We ran a head-to-head A/B comparison against a traditional flat vector database (semantic search + FTS5 hybrid) on a production dataset of **1,600+ embedded records** from an AI agent's knowledge base -- spanning hardware docs, software architecture, research notes, session logs, and personal knowledge.

### Results

| Metric              | Flat Vector DB | OnionDB          |
|---------------------|----------------|------------------|
| Avg query latency   | 8,024ms        | **541ms**        |
| Speed               | 1x             | **14.8x faster** |
| Avg Jaccard overlap | --             | **7%**           |

**93% of results are unique to OnionDB** (Jaccard overlap = 7%) — meaning the flat database missed them entirely. This is a **diversity metric**: OnionDB surfaces records that flat search buries because they're at lower importance levels. Different from recall@10 above, which measures projection quality.

### Per-query detail (15 queries across diverse topics)

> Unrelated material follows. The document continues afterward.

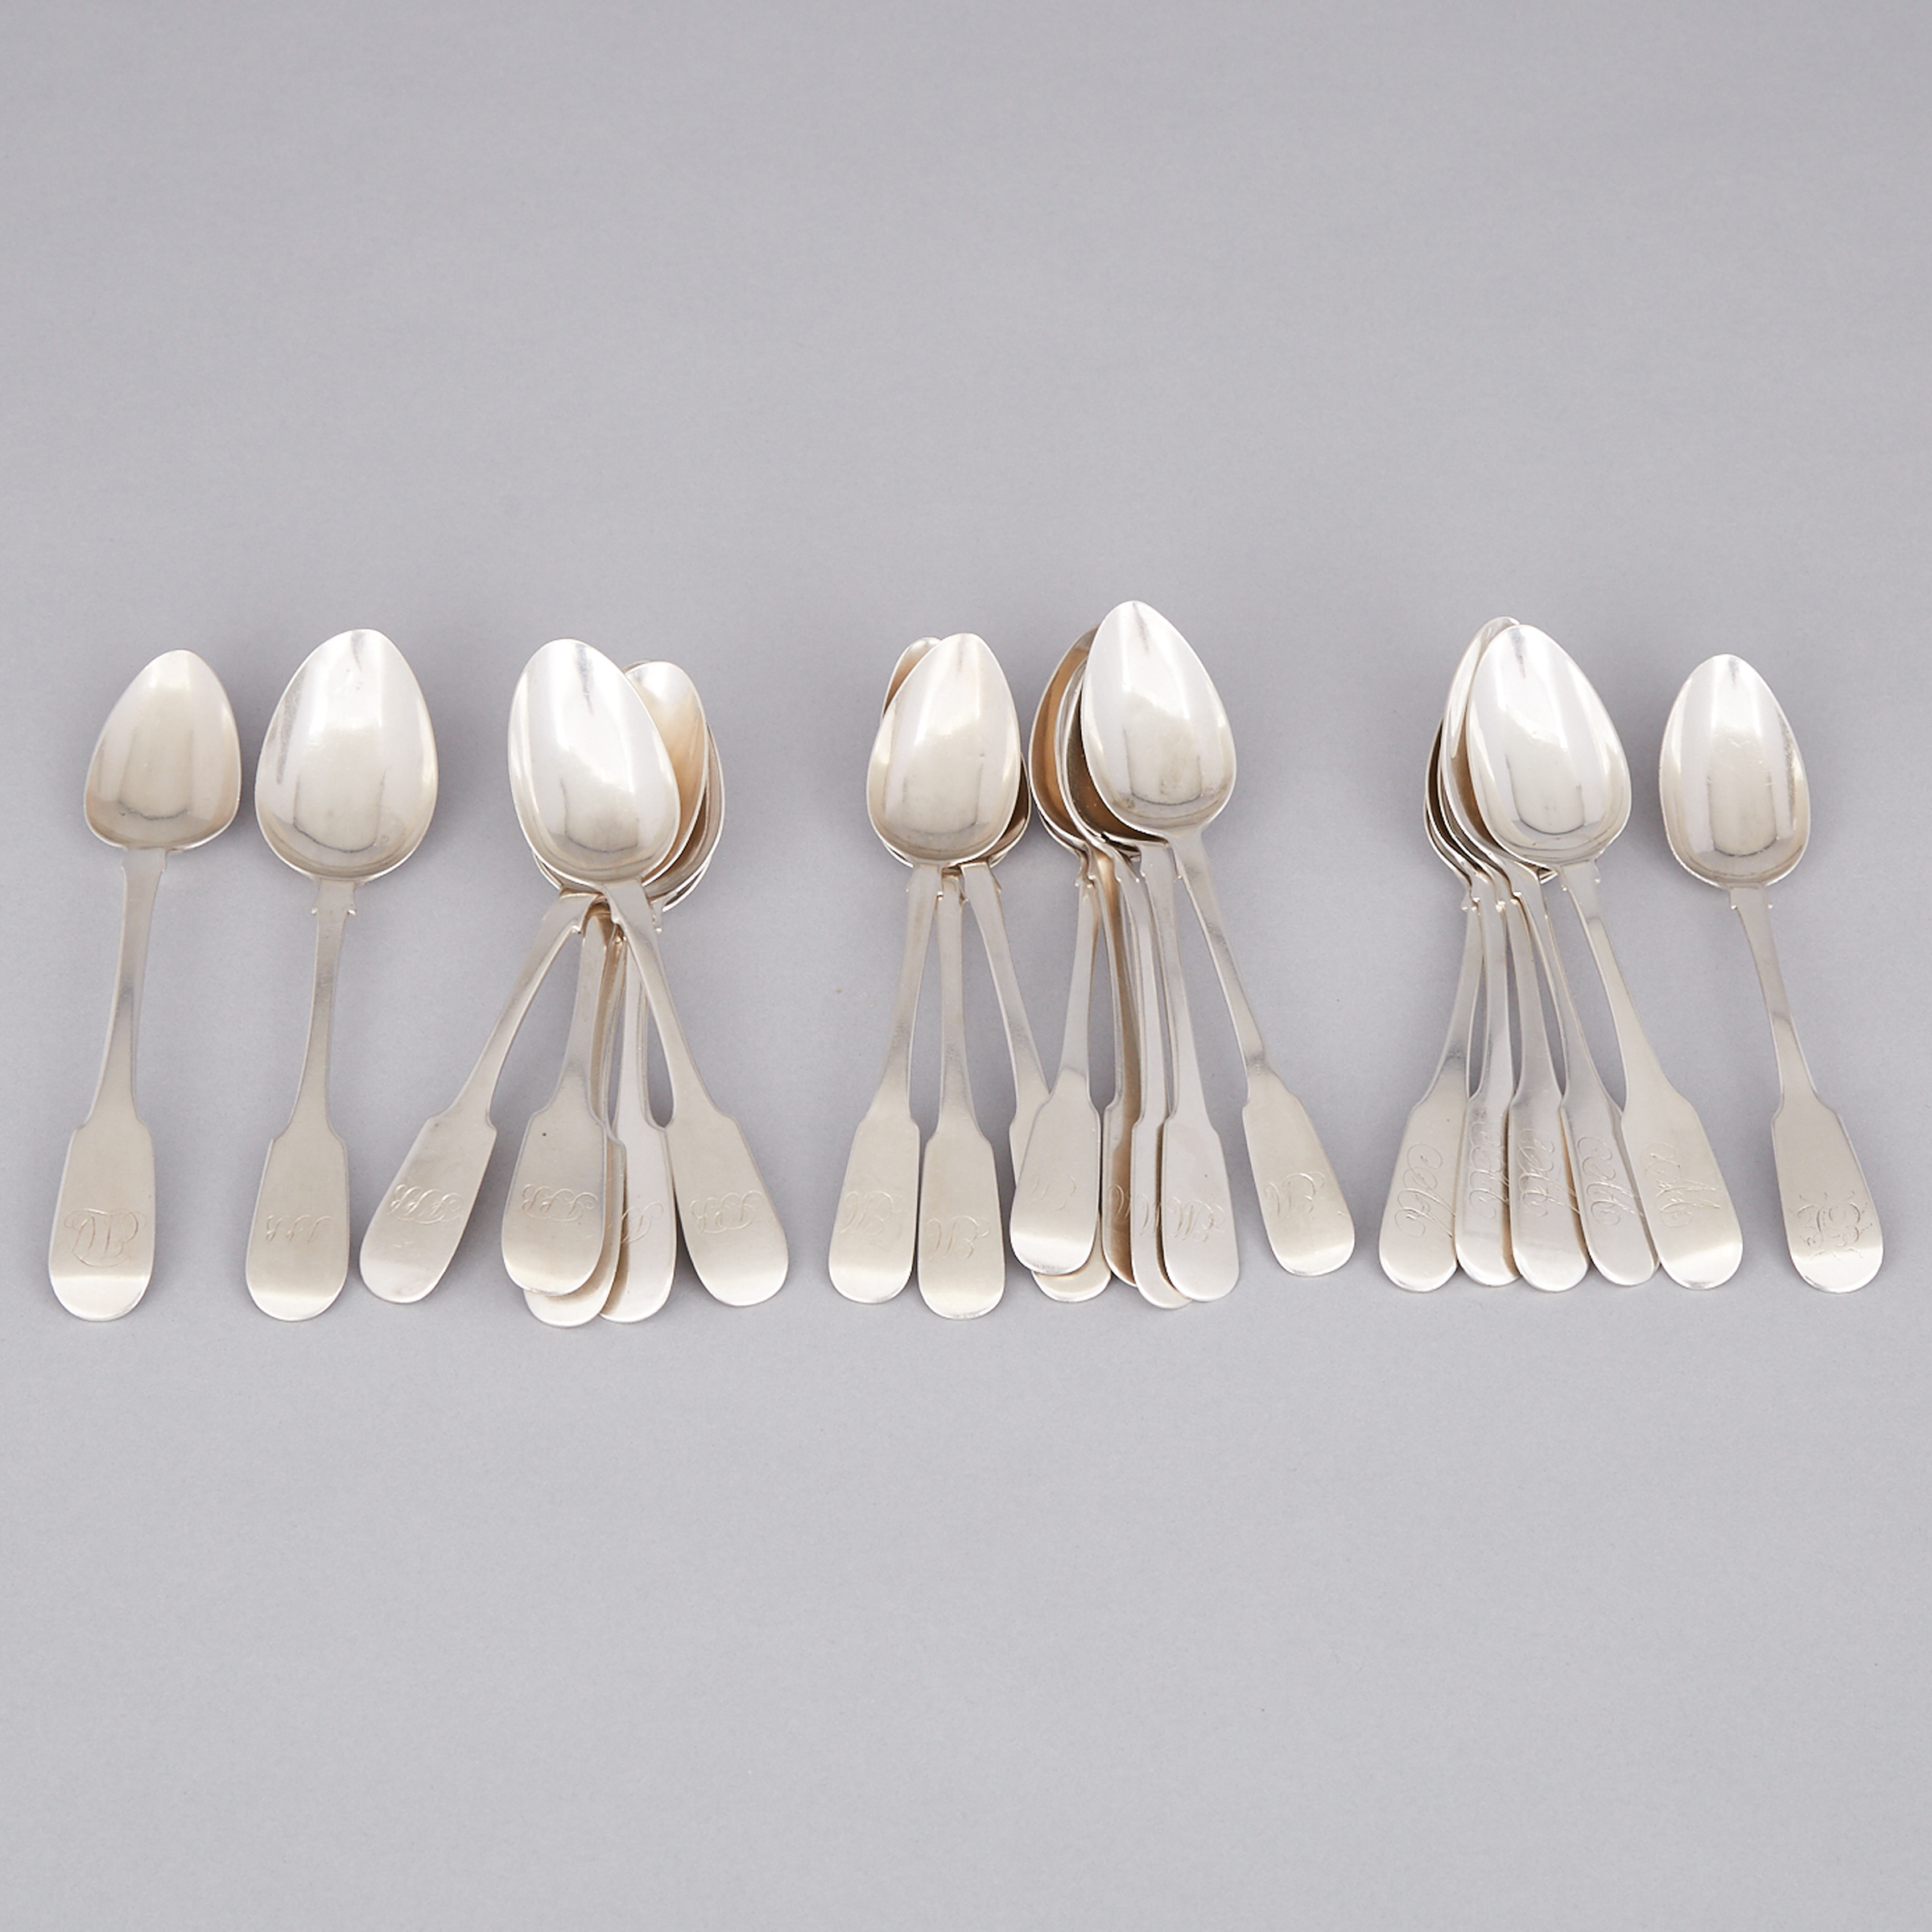 Twenty-One Canadian Silver Fiddle Pattern Tea Spoons, Quebec City & Montreal, Que., 19th century

| Query topic                 | Overlap | Shared | Unique to OnionDB |
|-----------------------------|---------|--------|-------------------|
| Hardware specs              |   0%    |   0    |        10         |
| System architecture         |   0%    |   0    |        10         |
| Game simulation             |   0%    |   0    |        10         |
| Inter-process communication |  18%    |   3    |         7         |
| ML embeddings               |   5%    |   1    |         9         |
| OS configuration            |   0%    |   0    |        10         |
| Database internals          |  11%    |   2    |         8         |
| Error handling              |   5%    |   1    |         9         |
| Optimization algorithms     |   5%    |   1    |         9         |
| Protocol design             |   0%    |   0    |        10         |
| Networking                  |  25%    |   4    |         6         |
| Model retraining            |   0%    |   0    |        10         |
| Math/geometry               |  25%    |   4    |         6         |
| System monitoring           |   0%    |   0    |        10         |
| Data consolidation          |  11%    |   2    |         8         |

### Why the difference?

Flat vector databases rank by cosine similarity alone. OnionDB's geometric structure means records at different importance levels get equal representation through the GRF drill. A "trivial" record that's semantically close can appear alongside a "core" record on the same topic -- something flat search buries under higher-scored results.

**Verdict: OnionDB doesn't replace flat search -- it surfaces what flat search misses.**

## License

MIT -- do whatever you want with it.